# Clough42 Electronic Lead Screw



## RickRay (Feb 5, 2020)

I thought members would be interested in my implementation of Clough42's ELS.
Hardware:
The spindle has a 40 M1.5 tooth pinion so I made a 40 tooth 1.5 gear out of polypropylene from a domestic breadboard and drive it via a metal idler on the banjo of the lathe with a suitable bushing and spacer pined to the fabricated gear to align the gear set. I bent up a s.steel bracket from !.5 mm material and attached the Encoder to the banjo using one of the banjo T nuts.
The hybrid stepper is nested in the space under the spindle with a s.steel bracket bent to the correct offset to align the pulleys and secured with M4 screws The belt is T5/16 2:! ratio. The bracket for the stepper has slotted attachments so it can be moved laterally  to adjust belt tension. The installation feels vey secure and is quiet running. I enclose a couple of photo's to give you a visual picture.


----------



## RJSakowski (Feb 5, 2020)

RickRay said:


> View attachment 312716
> View attachment 312717
> 
> 
> ...


A similar approach to what I did. I also mounted the hybrid steppunder the spindle.  I use 2:1 reduction on the stepper drive but by using the internal gear box gears.  What size stepper did you use and what driver?


----------



## RickRay (Feb 5, 2020)

RJSakowski said:


> A similar approach to what I did. I also mounted the hybrid steppunder the spindle.  I use 2:1 reduction on the stepper drive but by using the internal gear box gears.  What size stepper did you use and what driver?

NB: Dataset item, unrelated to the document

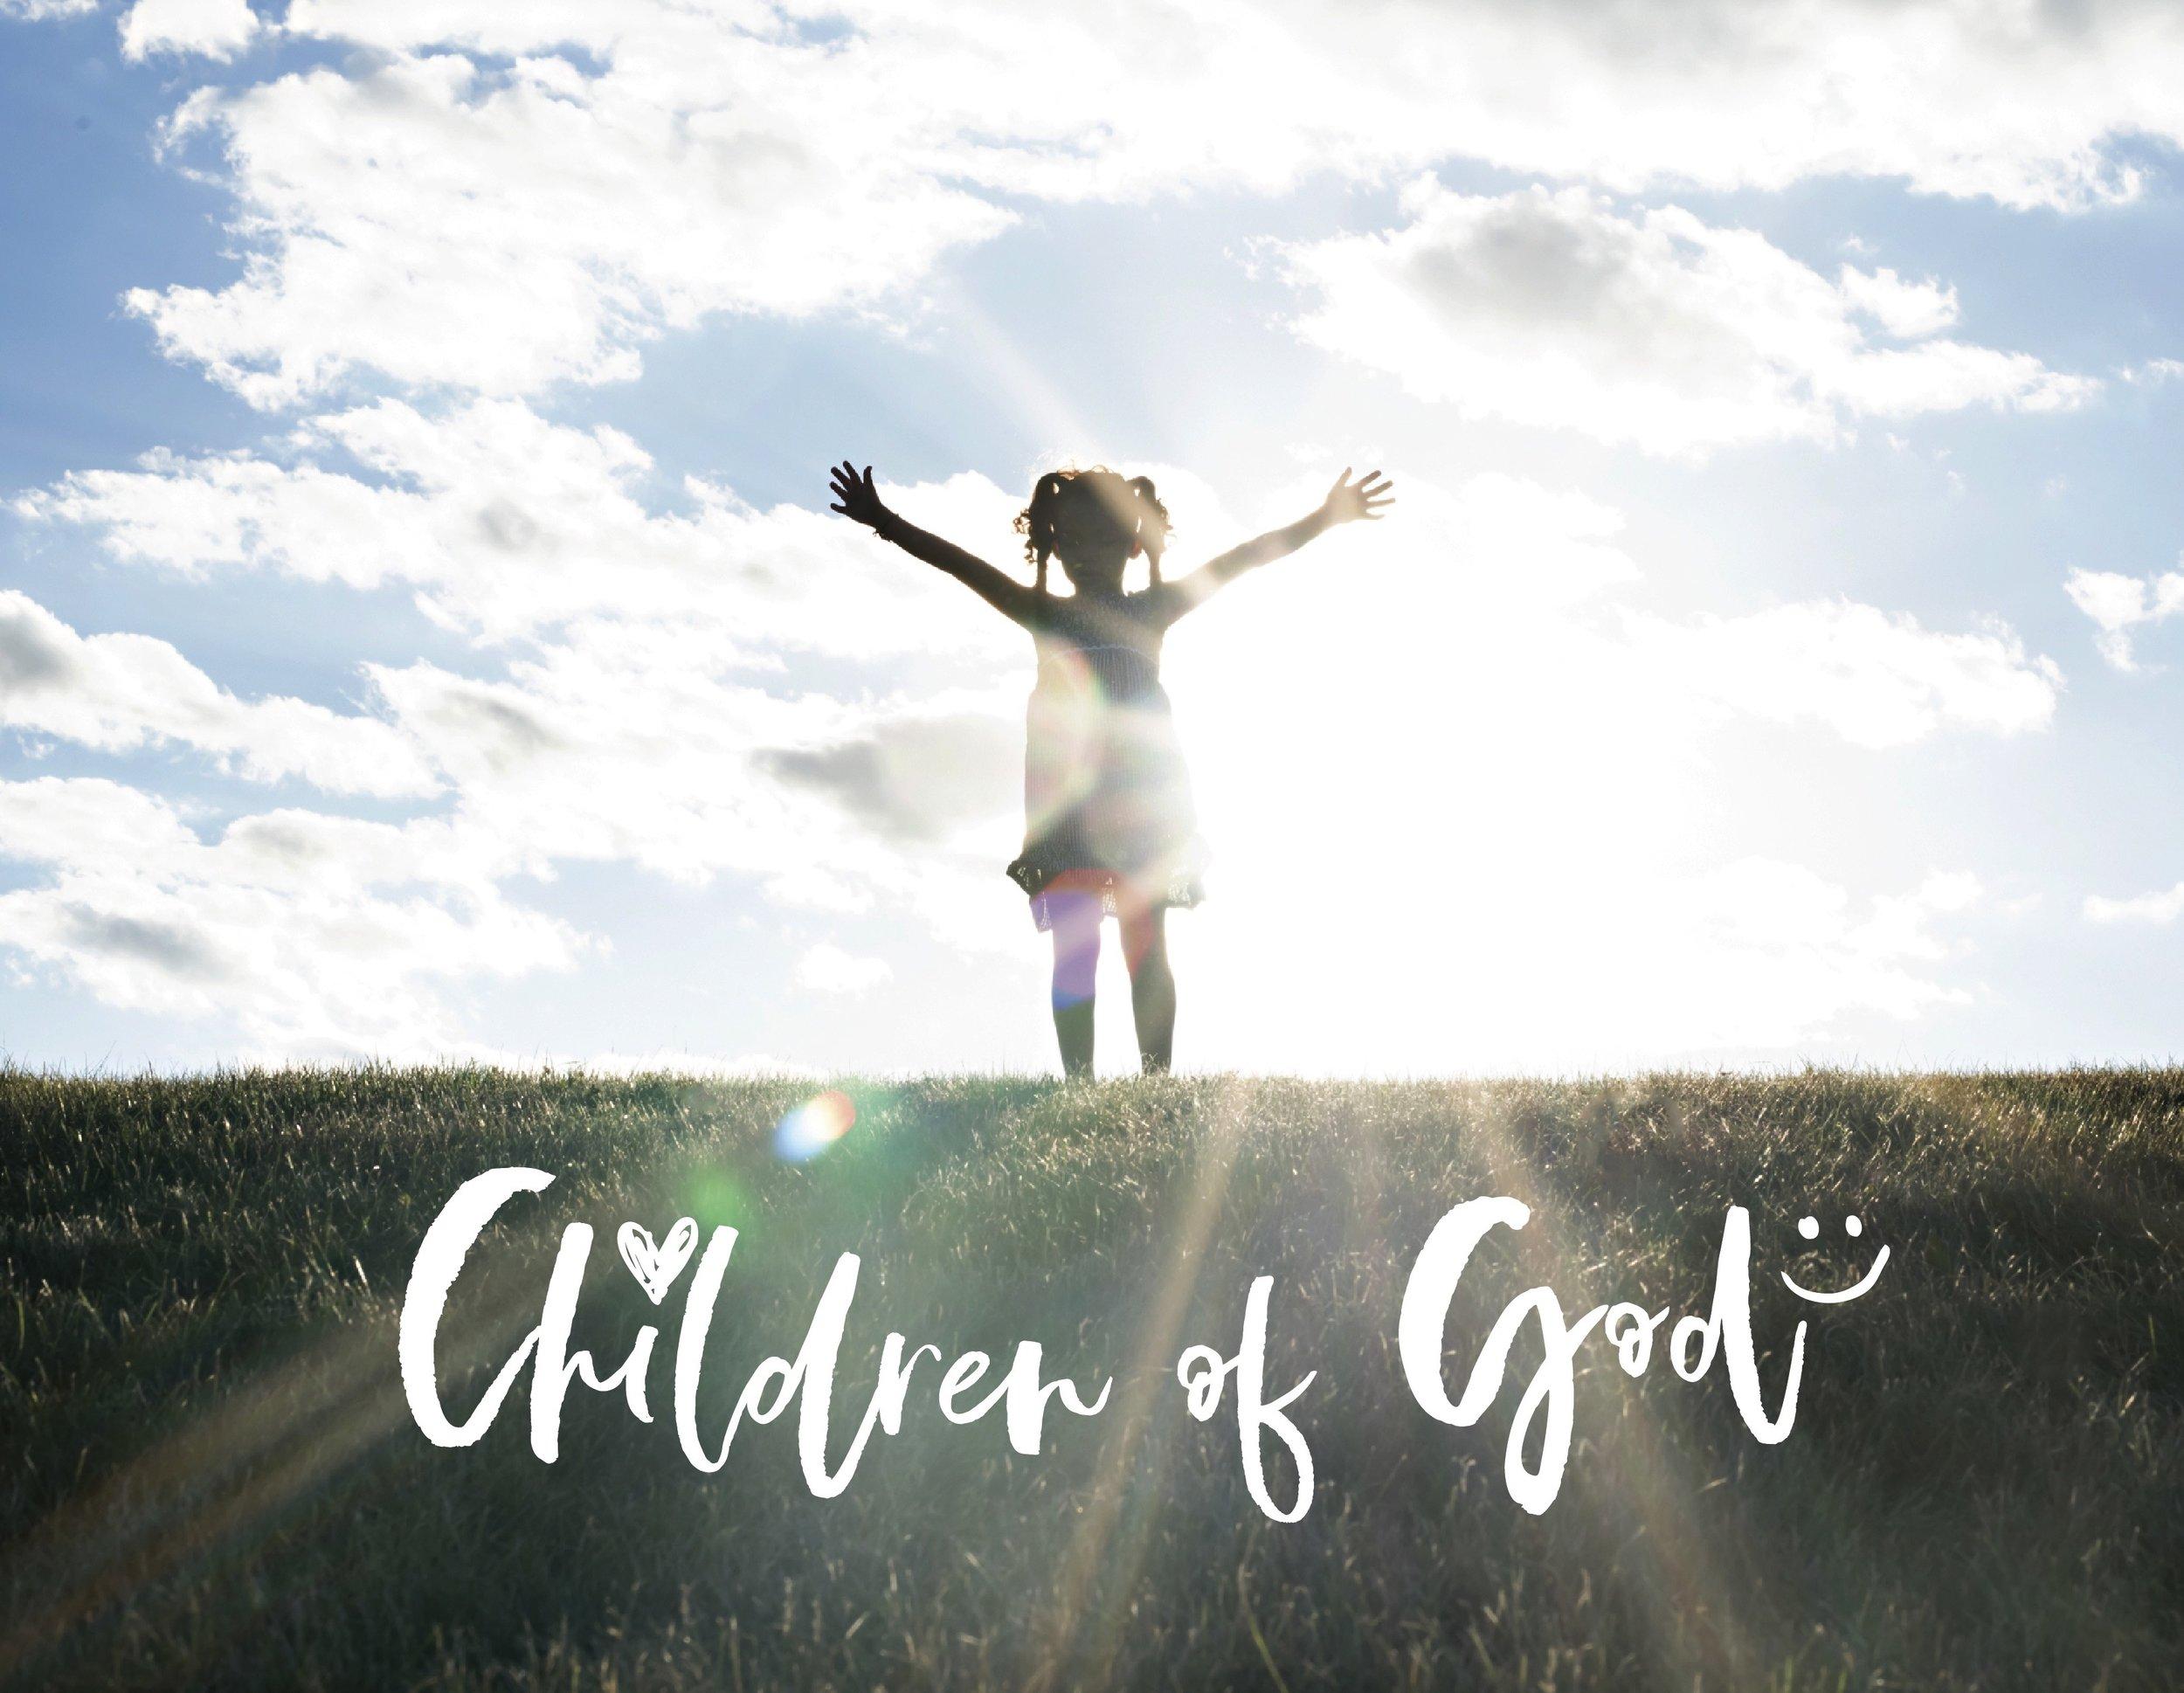 Children of God_2018 National Adoption Sunday.jpg

Hi, 2.2 NM stepper nema 23, Stepperone CL57y driver. I have cut a M1.5 10mm thread with no issues. Image does not do it justice, it is much better 
than 
	

		
			
		

		
	



	

		
			
		

		
	
the commercial thread.


----------



## RJSakowski (Feb 5, 2020)

Welcome to the group!

I am using the StepperOnline CL57T driver and  a NEMA24, 4.2 N-m hybrid stepper. also from StepperOnline.  There is a fairly active discussion going on here: https://www.hobby-machinist.com/threads/electronic-lead-screw.76101/


----------



## RickRay (Feb 6, 2020)

I do not have a 3D printer so could not follow James's technique for the control panel. Herewith is my solution in pictures. It required careful measurement and layout. After 2 trial runs on scrap and a final attempt at the enclosure I had a result I was mostly satisfied with. I turned the some buttons from brass and made very thin nuts from 3mm standard nuts to retain the buttons and add some surface area to press on the switches and also account for any misalignment (mistakes). To gain sufficient bearing area for the button spindles I mounted them on a  3mm steel strip and drilled the holes a smidge over 3mm to allow them to return under the influence of the board's switch. I did try making small return springs but it only  made the switching inconsistent. Hope this helps.


----------



## RJSakowski (Feb 6, 2020)

I just machined "top hat" buttons from Delrin.  They are trapped between the panel and the pcb.  I replaced the LED's with new, using the longer leads to bring them up to  the level of the seven segment display.  Many ways to skin the cat.


----------



## kb58 (Feb 6, 2020)

I considered swapping in green 7-segment LEDs, but worry about lifting the copper traces.


----------



## kb58 (Feb 6, 2020)

Where are you guys getting the red filter material for the display?


----------



## RJSakowski (Feb 6, 2020)

I used to make timers for equestrian events and used red seven segment displays so I have a limited amount of that material left over from olden days.  You might try some craft shops.   If you have a plastic distributor in your area, you might see if they have some scrap material.  Otherwise, I bought some a couple of years ago on eBay.  You can get some for as little as $5. incl. shipping


----------



## RickRay (Feb 6, 2020)

I have tried working with the board but found the solder uncooperative even with flux! I am not using any red diffuser and do not mind the look.


----------



## ttabbal (Feb 6, 2020)

I used red translucent packing tape! 




I suspect the solder is lead free. It needs heat. I found adding a little bit of lead solder helped desoldering quite a bit as well.


----------



## RJSakowski (Feb 6, 2020)

lead free solders are more difficult to use than the old 63/37 electronic solder but it is still manageable.  In more than fifty years of electronic soldering, IMO the biggest factor is getting a quality solder to begin with.  Solders sold in hardware stores and the like are often poor quality, made from reclaimed metals and tend to oxidize quickly, making for poor quality joints.  I still use the older solder because of the lower melting point and I am not bound by RoHS rules.  A second factor is having the right flux.  Even in name brand solders, the flux varies quite a bit in activity. I am not sure what you have available in Oz but here I use either Ersin or Kester solder.  I currently use Kester 44 Rosin Core.  I used to use Ersin Multicore or Savbit solder.
Third, use the right temperature and enough iron to do the job.  I usually work with a 50 watt iron at 300ºC.  The iron should have a tip appropriate to the task at hand.  Finally, use the right diameter of solder for the job.  For fin work, sub mm.  For heavier work, 2 -3 mm.


----------



## RJSakowski (Feb 6, 2020)

deleted, double post


----------



## Boswell (Feb 6, 2020)

I use RED polycarbonate or Plexi that I get as drops from a local Plastic supplier. It generally works GREAT as a lense for RED 7-Seg LEDs.


----------